Exercise:
Would you please transcribe the data in full and exactly, excluding images?

Collected data:
Start of Block

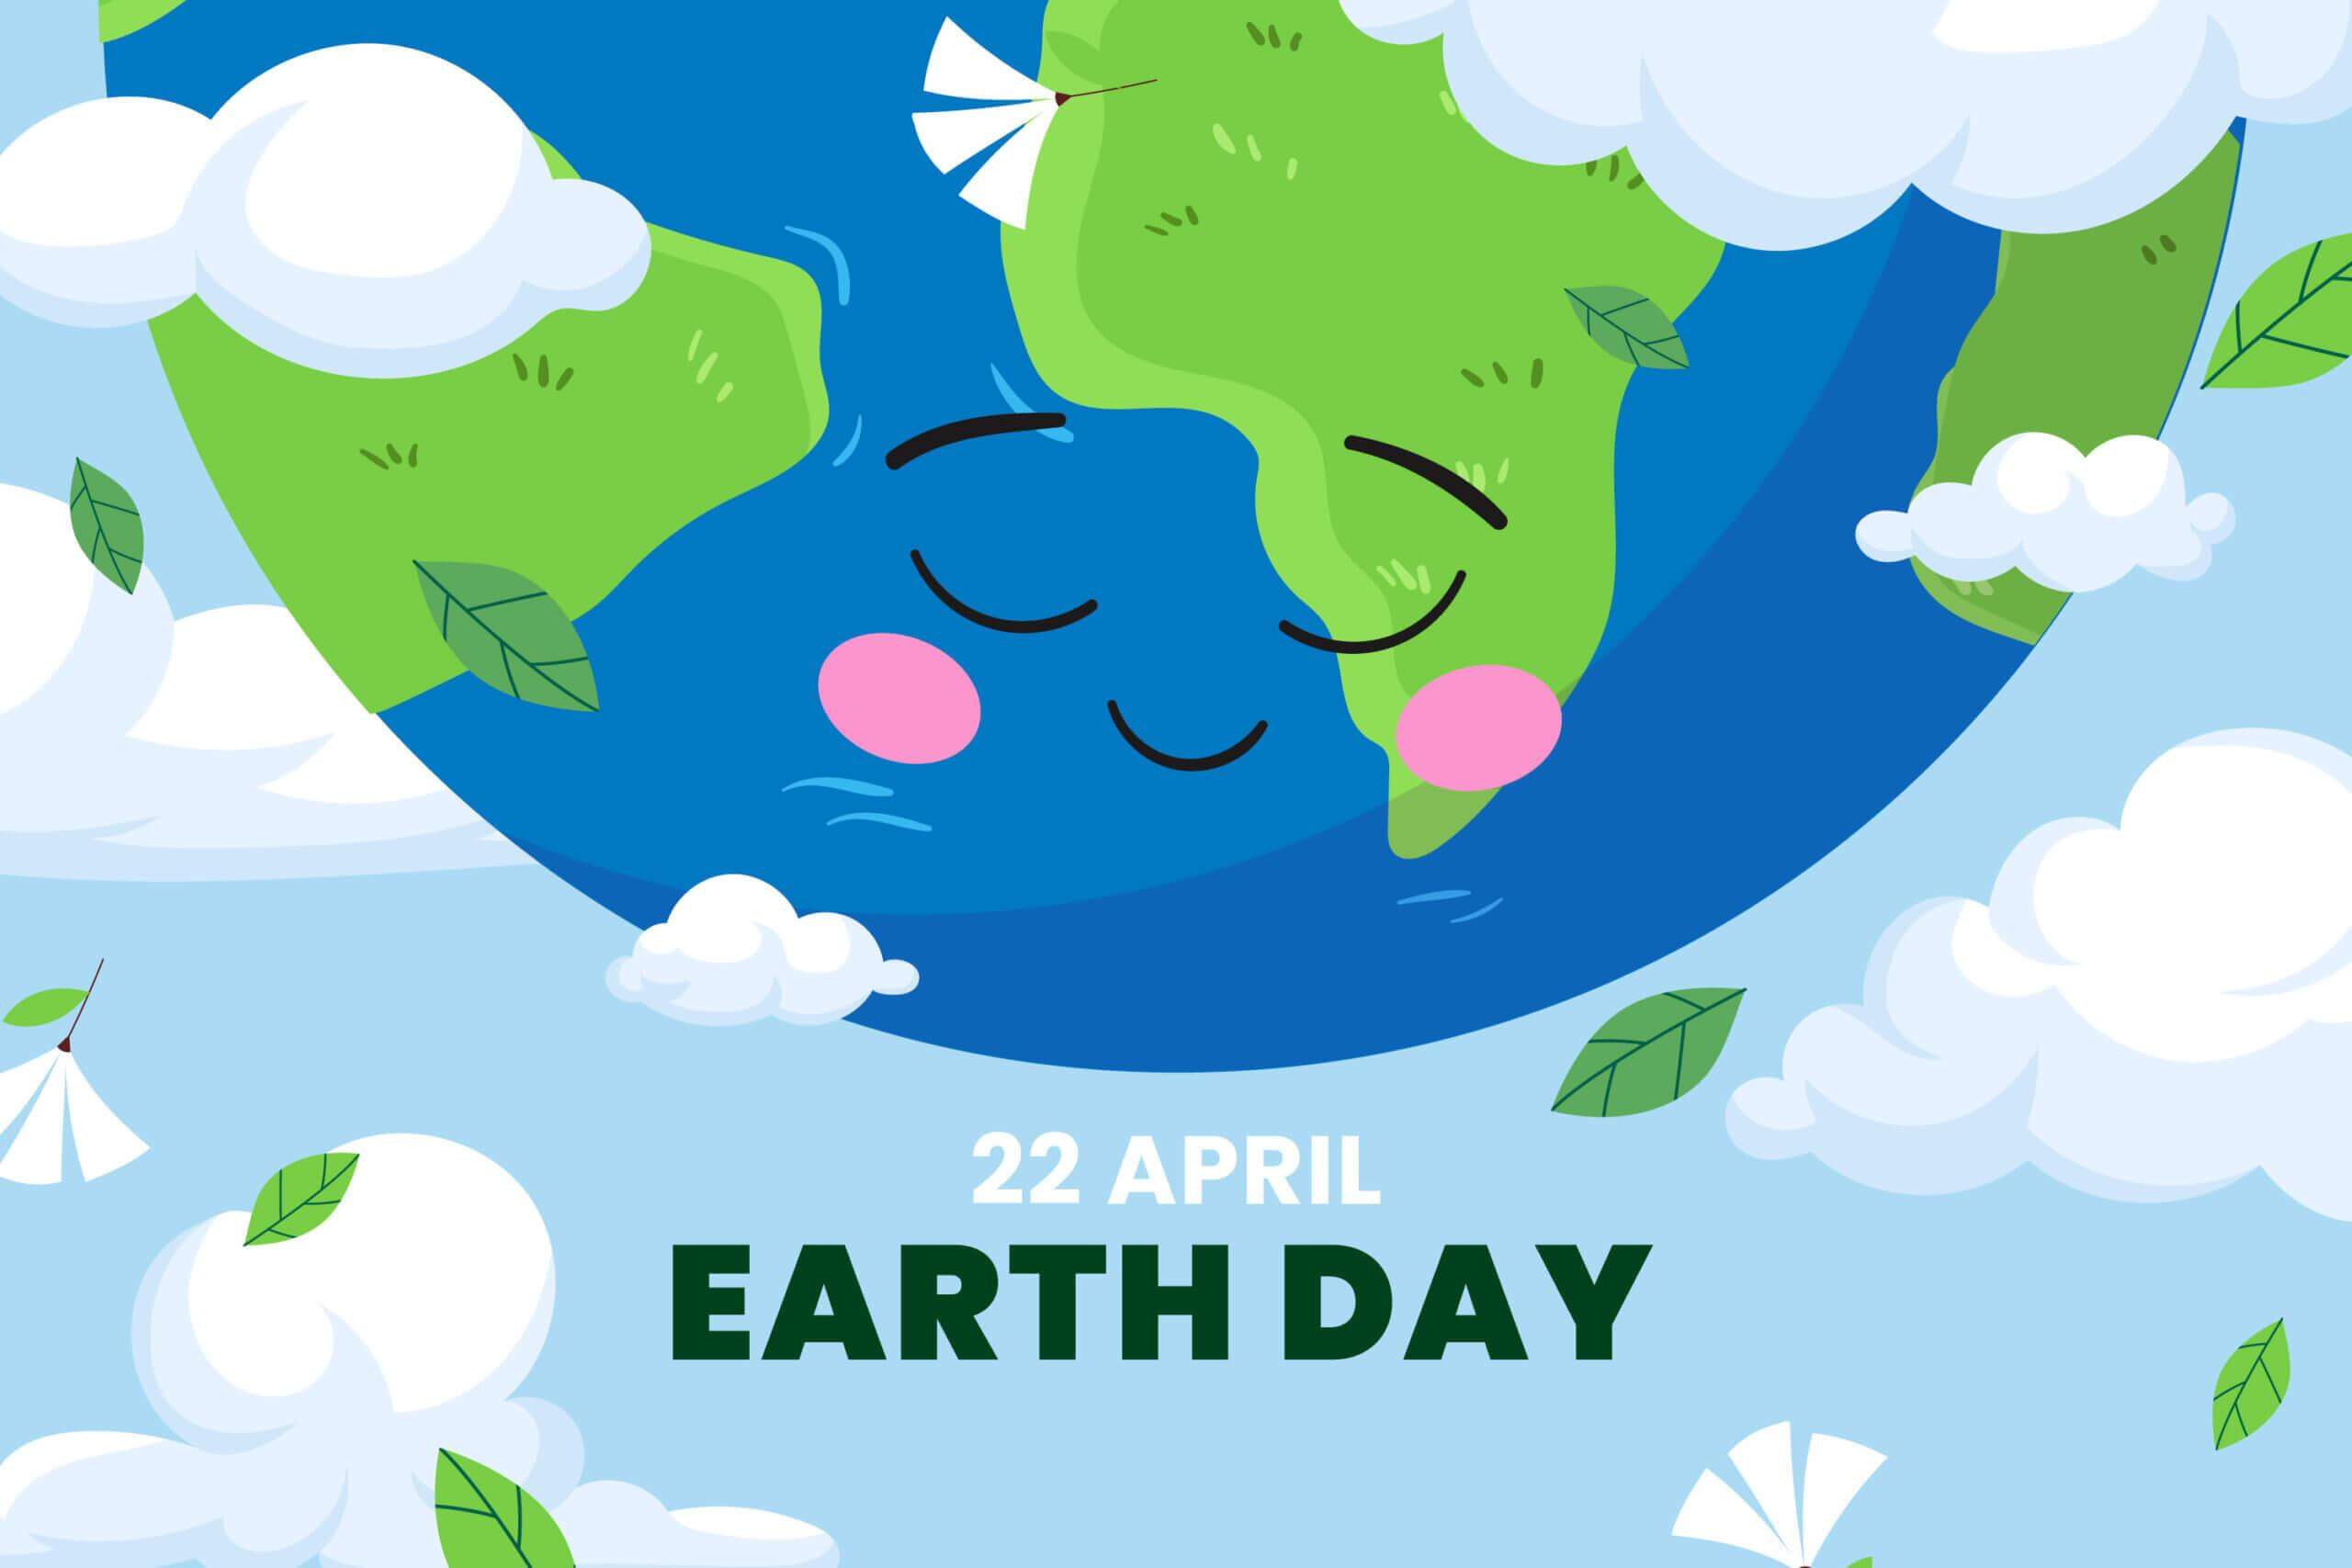 Journée de la Terre - 22 avril - Earth day
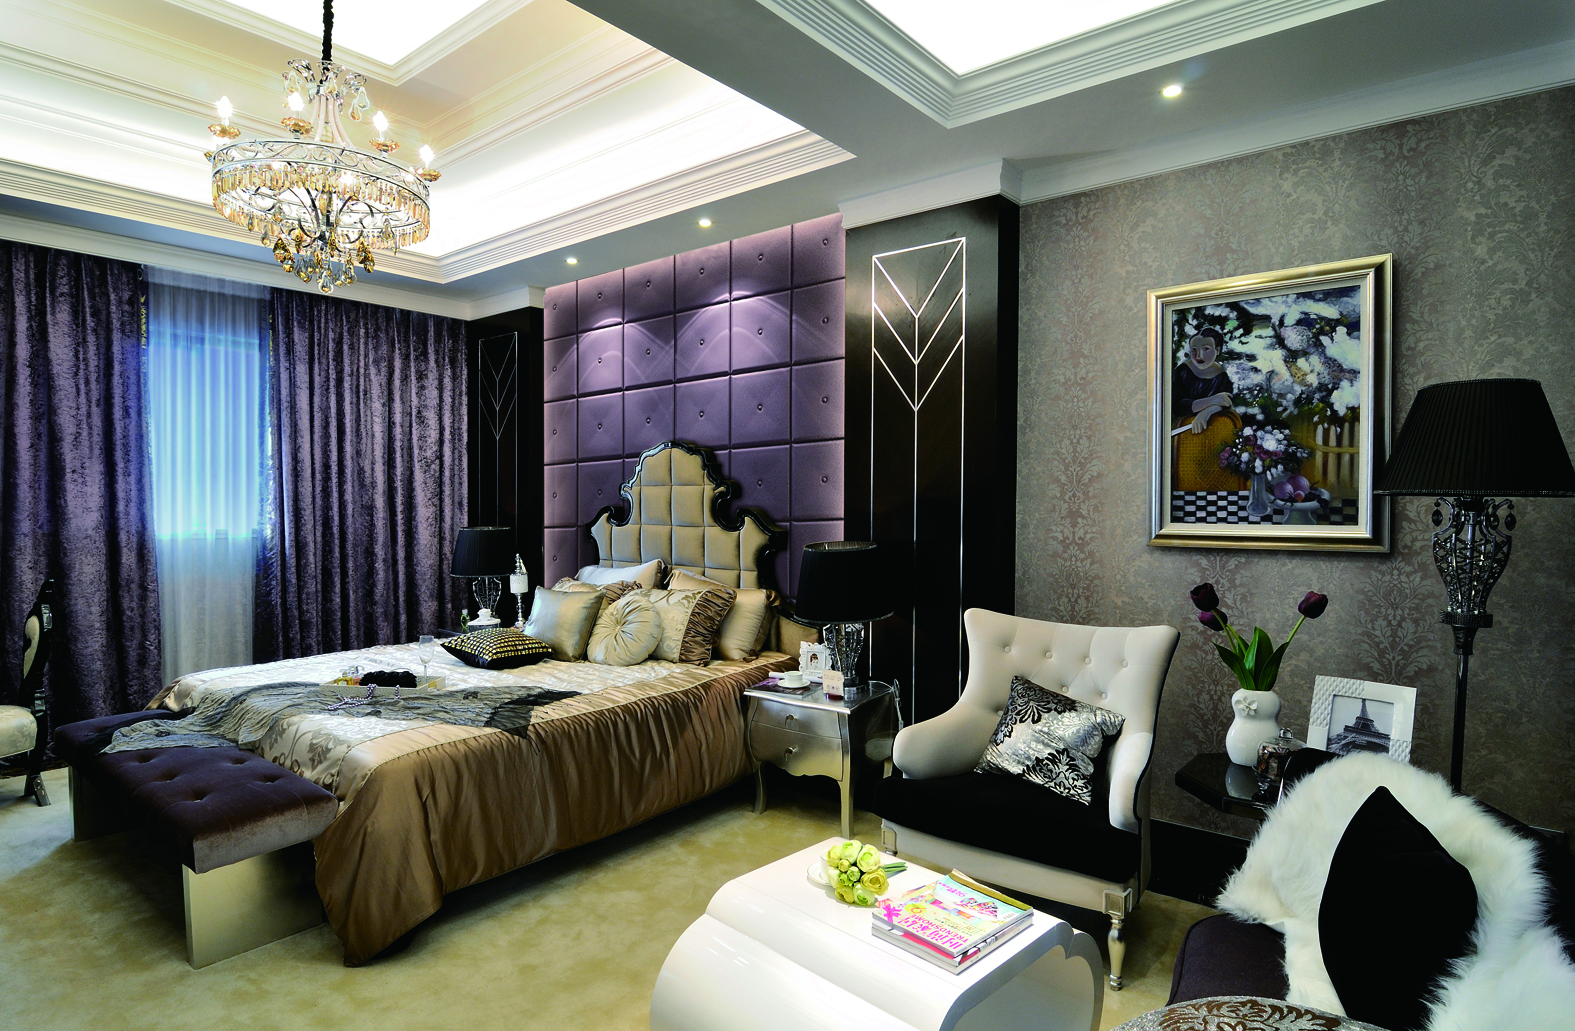 又是一间欧式卧房，紫色神秘优雅，天鹅绒窗帘奢华立现。
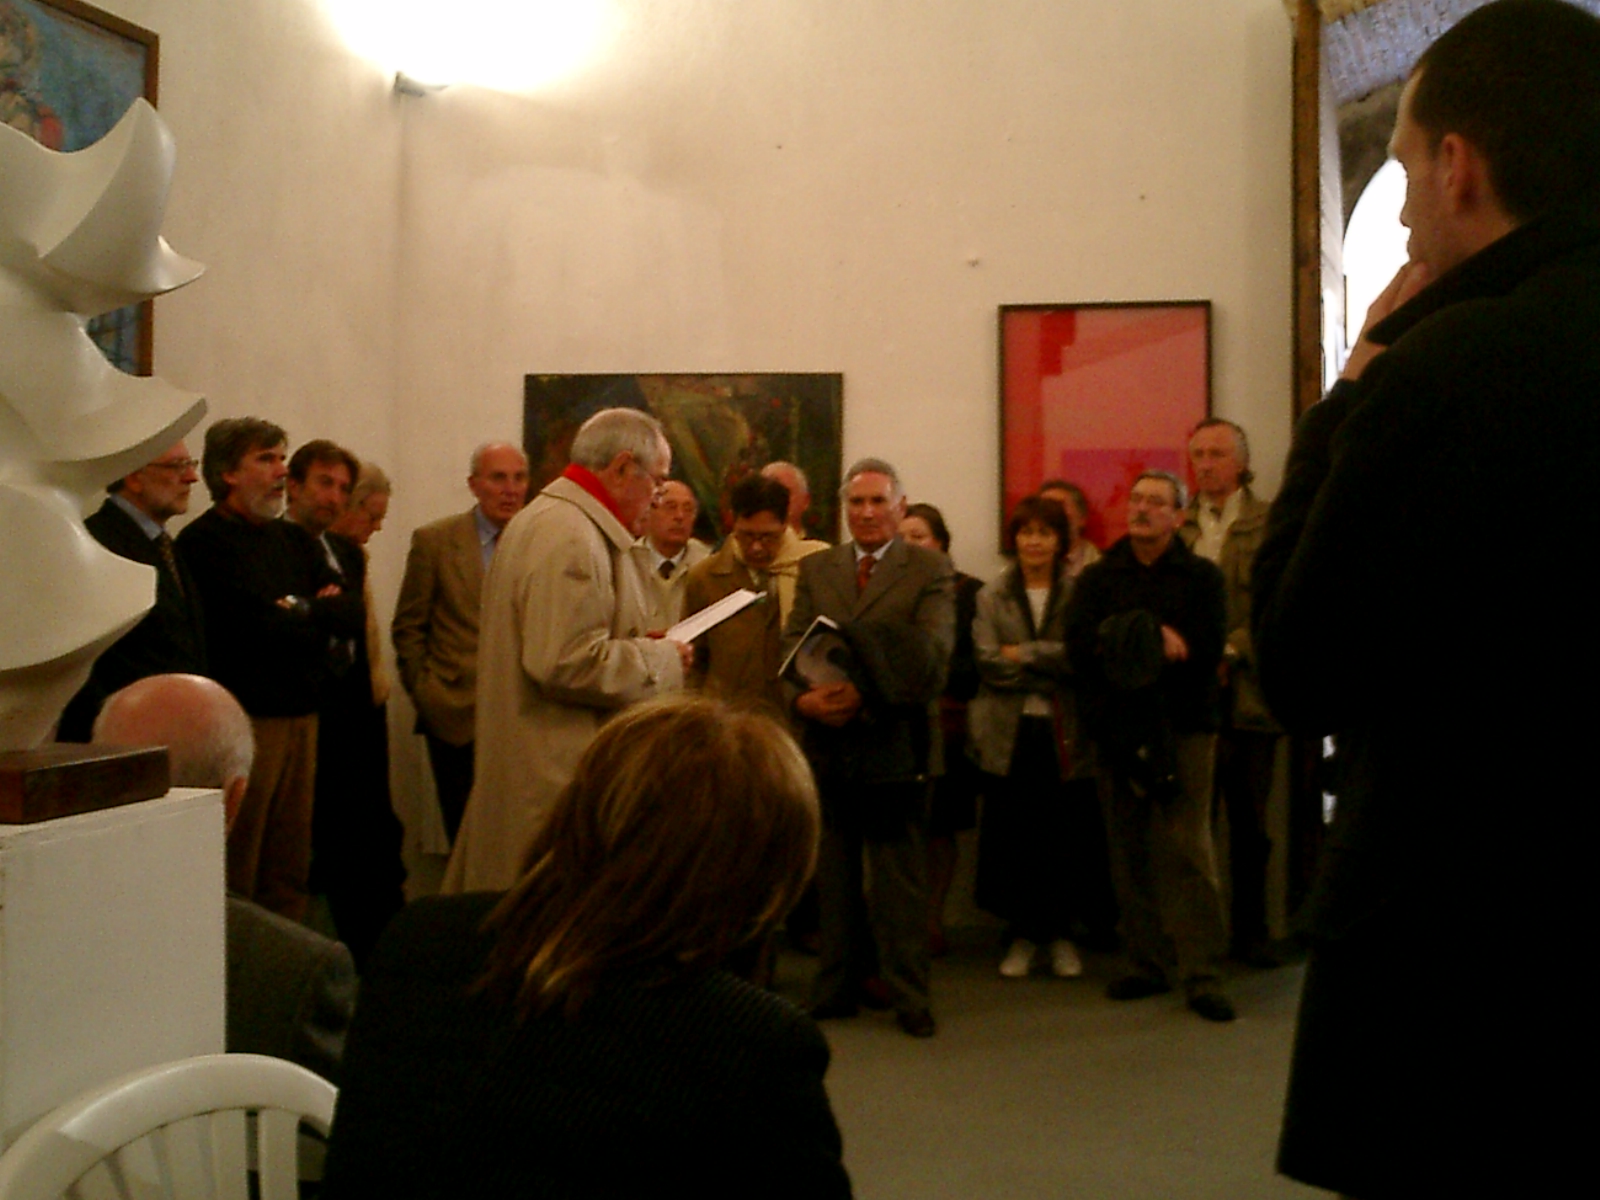 Nella foto alcuni momenti dell’incontro in occasione dell’inaugurazione della mostra

End of Block

Result for this exercise:
 Journée de la Terre - 22 avril - Earth day
 又是一间欧式卧房，紫色神秘优雅，天鹅绒窗帘奢华立现。
 Nella foto alcuni momenti dell’incontro in occasione dell’inaugurazione della mostra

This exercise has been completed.